Like Ludwig von Mises and F. A. Hayek, Rand demonstrates the importance of immigration not just to America but to American libertarianism. Mises had fled his native Austria right before the Nazis confiscated his library, Rand fled the Communists who came to power in her native Russia. When a heckler asked her at a public speech, “Why should we care what a foreigner thinks?”, she replied with her usual fire, “I chose to be an American. What did you ever do, except for having been born?”

Roderick T. Long at the Mises Institute writes about her Contribution to the Cause of Freedom in a link rich article.

Rand’s influence on the libertarian movement is incalculable; despite her own frequent antipathy toward that movement and even toward the word “libertarian,” Rand played a crucial role in helping both to create new advocates of laissez-faire and to radicalize existing ones; Rand encouraged libertarians to view their standpoint as an alternative to, rather than a branch of, conservatism, and to base the case for liberty on moral principle and not on pragmatic economic benefits alone. Rand’s influence on popular culture is likewise enormous; an oft-cited Library of Congress survey of “most influential books” placed Atlas Shrugged second only to the Bible.

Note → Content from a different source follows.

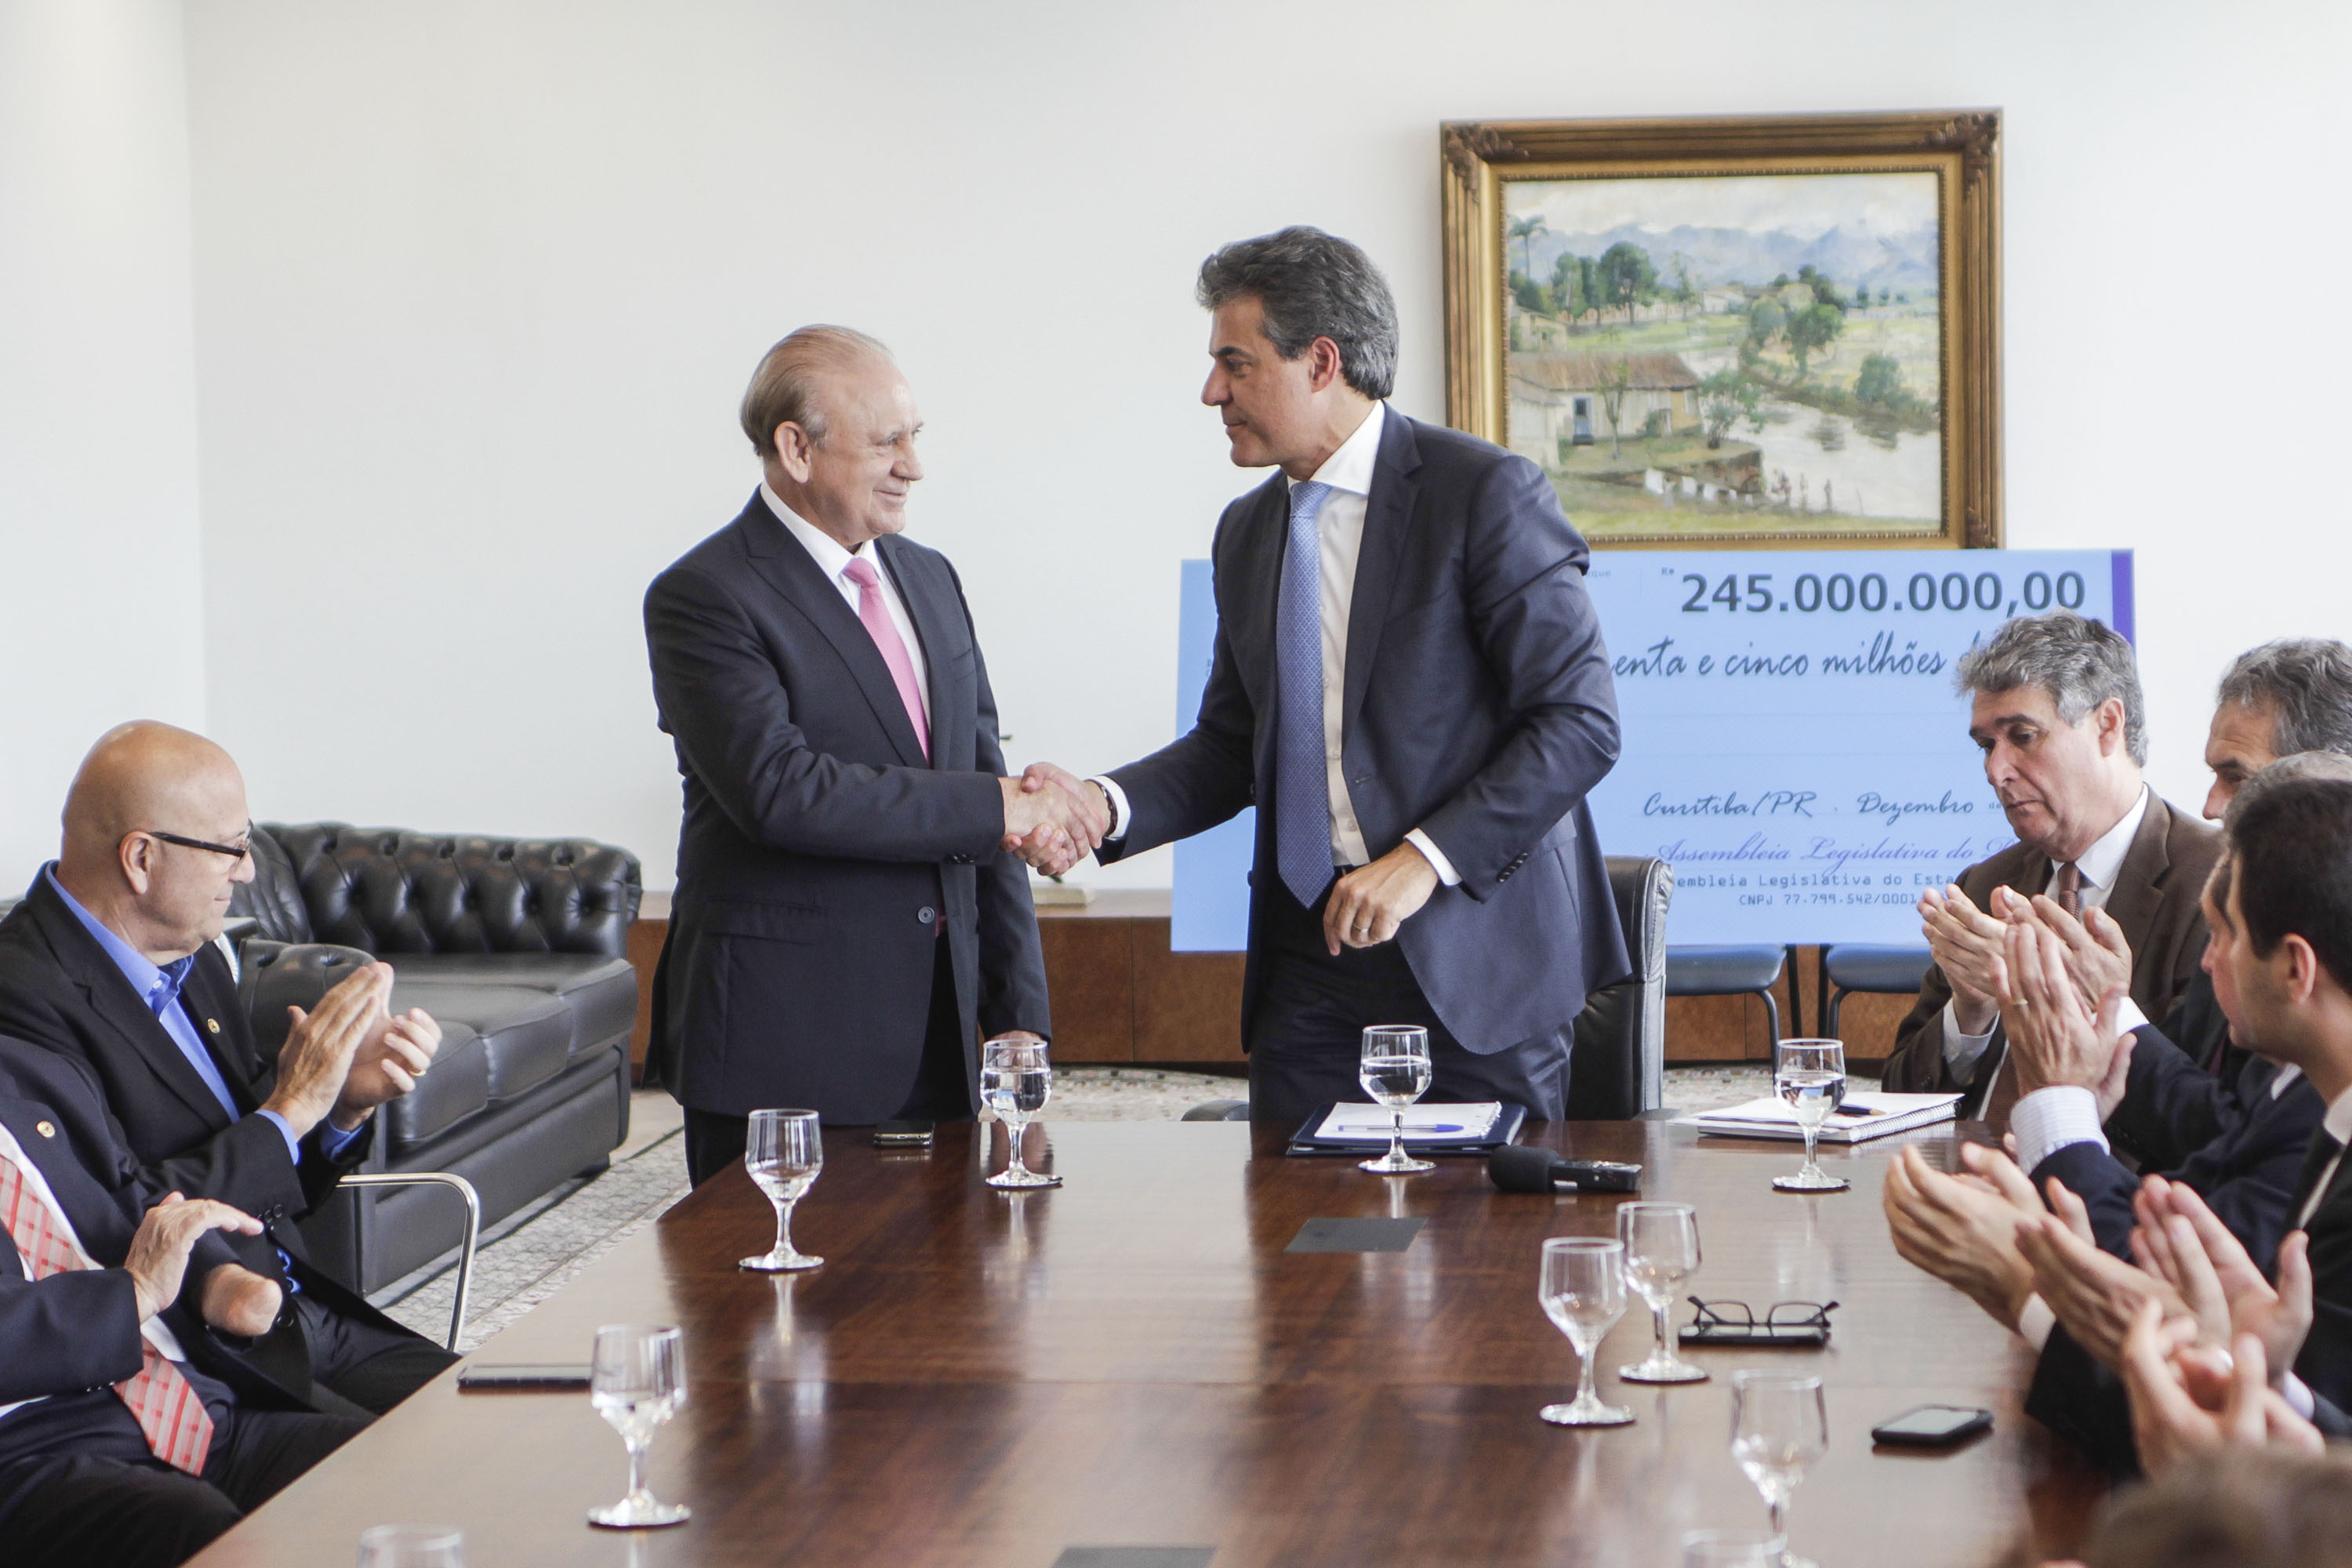 O cheque simbólico foi entregue ao governador Beto Richa pelo presidente da Assembleia Legislativa, deputado Ademar Traiano. Foto: Assessoria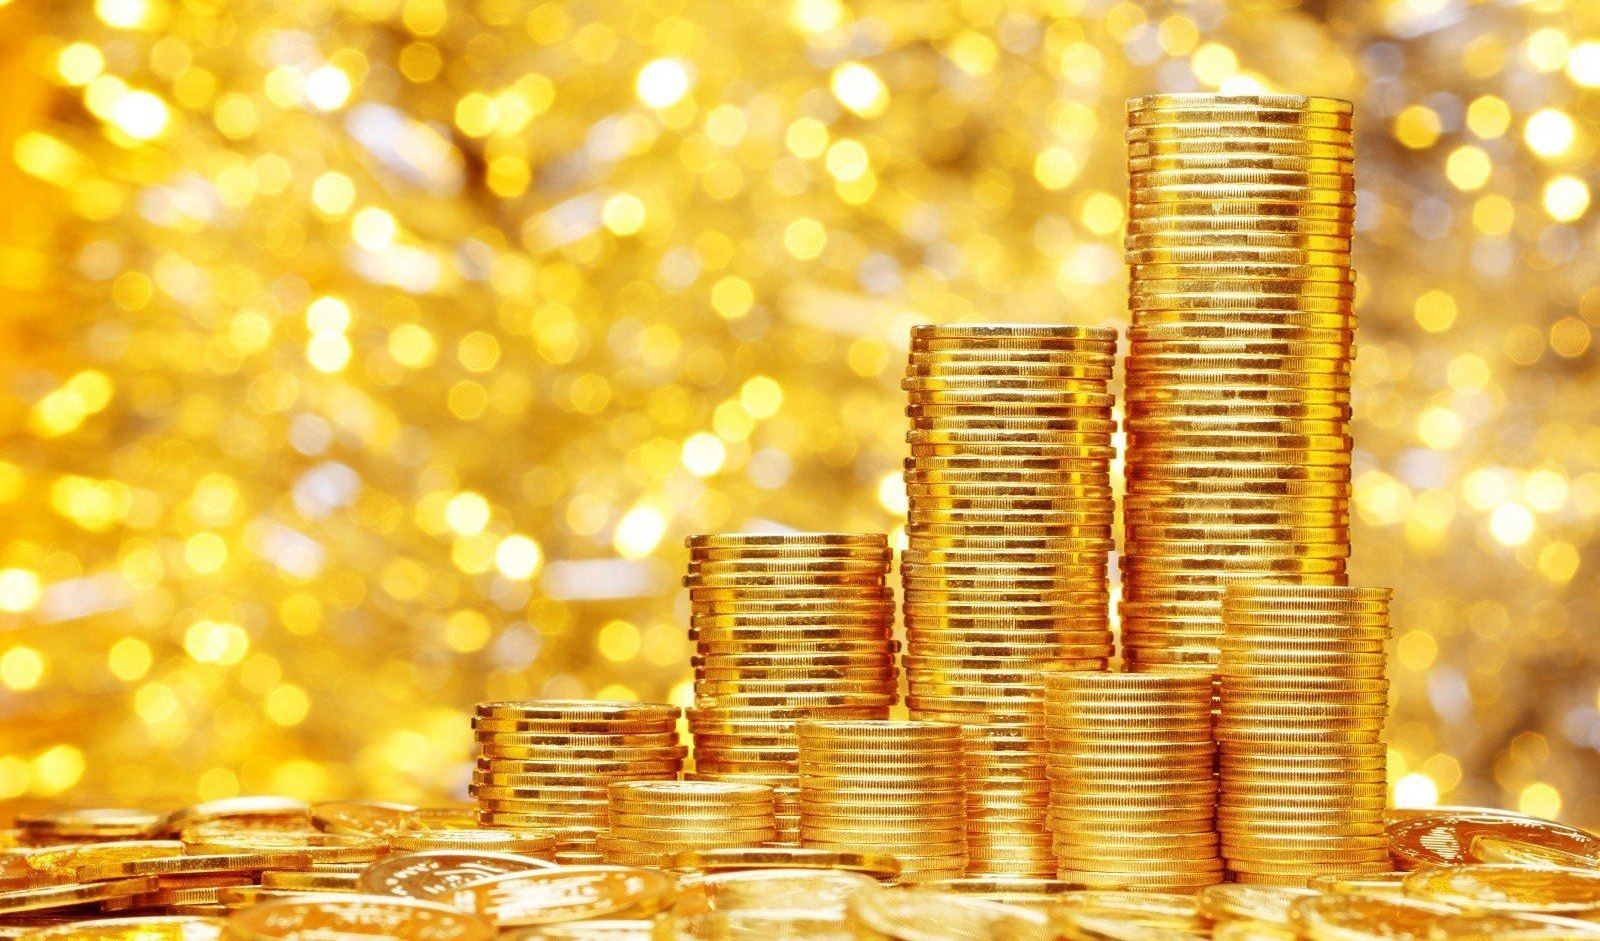 نوسان قیمت انوع سکه در روز رشد بهای جهانی طلا

Rand owed much of her success to the power and directness of her writing style. She was a master at what one of my colleagues calls reductio ad claritatem, “reduction to clarity”— i.e., the method of refuting a position by stating it clearly—as when she wrote that “if some men are entitled by right to the products of the work of others, it means that those others are deprived of rights and condemned to slave labor,” or when she summarized the view that human perception is unreliable because limited by the nature of our sensory organs as: “man is blind, because he has eyes—deaf, because he has ears.”

Ed Hudgins, Executive Director of the Objectivist Center talks of her Moral Defense of Freedom

Rand developed an ethos of rational self-interest, but this “virtue of selfishness” was not an anti-social creed for predators. Instead, it led Rand to her great insight that there is no conflict of interest between honest, rational individuals. Since individuals are ends in themselves, no one in society should initiate the use of force or fraud against others. All relationships should be based on mutual consent. This became the credo of the modern libertarian movement, found today in think tanks, publications and public policy proposals.

True individualists would not debase themselves by living the life of a thief, whether robbing a store with a gun or their fellow citizens with a government mandate or wealth-redistribution scheme. Rather, they would take pride in taking responsibility for their own lives, actions and moral character. Rand wrote, “As man is a being of self-made wealth, so he is a being of self-made soul.”

Thus an ethos of rational self-interest justifies and supports individual liberty; a free market - not a communist, socialist, fascist or welfare-state system - is the only one that protects the rights of each individual. Entrepreneurs, workers, business owners, professionals and all others need not justify their quest for the highest wages or profits or to seek permission from “society” or their neighbors; they are free to live their lives as they please as long as they respect the similar freedom of others.

Onkar Ghate of the Ayn Rand Institute writes on the Appeal of Ayn Rand

The key to Rand’s popularity is that she appeals to the idealism of youth. She wrote in 1969: “There is a fundamental conviction which some people never acquire, some hold only in their youth, and a few hold to the end of their days–the conviction that ideas matter.” The nature of this conviction? “That ideas matter means that knowledge matters, that truth matters, that one’s mind matters. And the radiance of that certainty, in the process of growing up, is the best aspect of youth.”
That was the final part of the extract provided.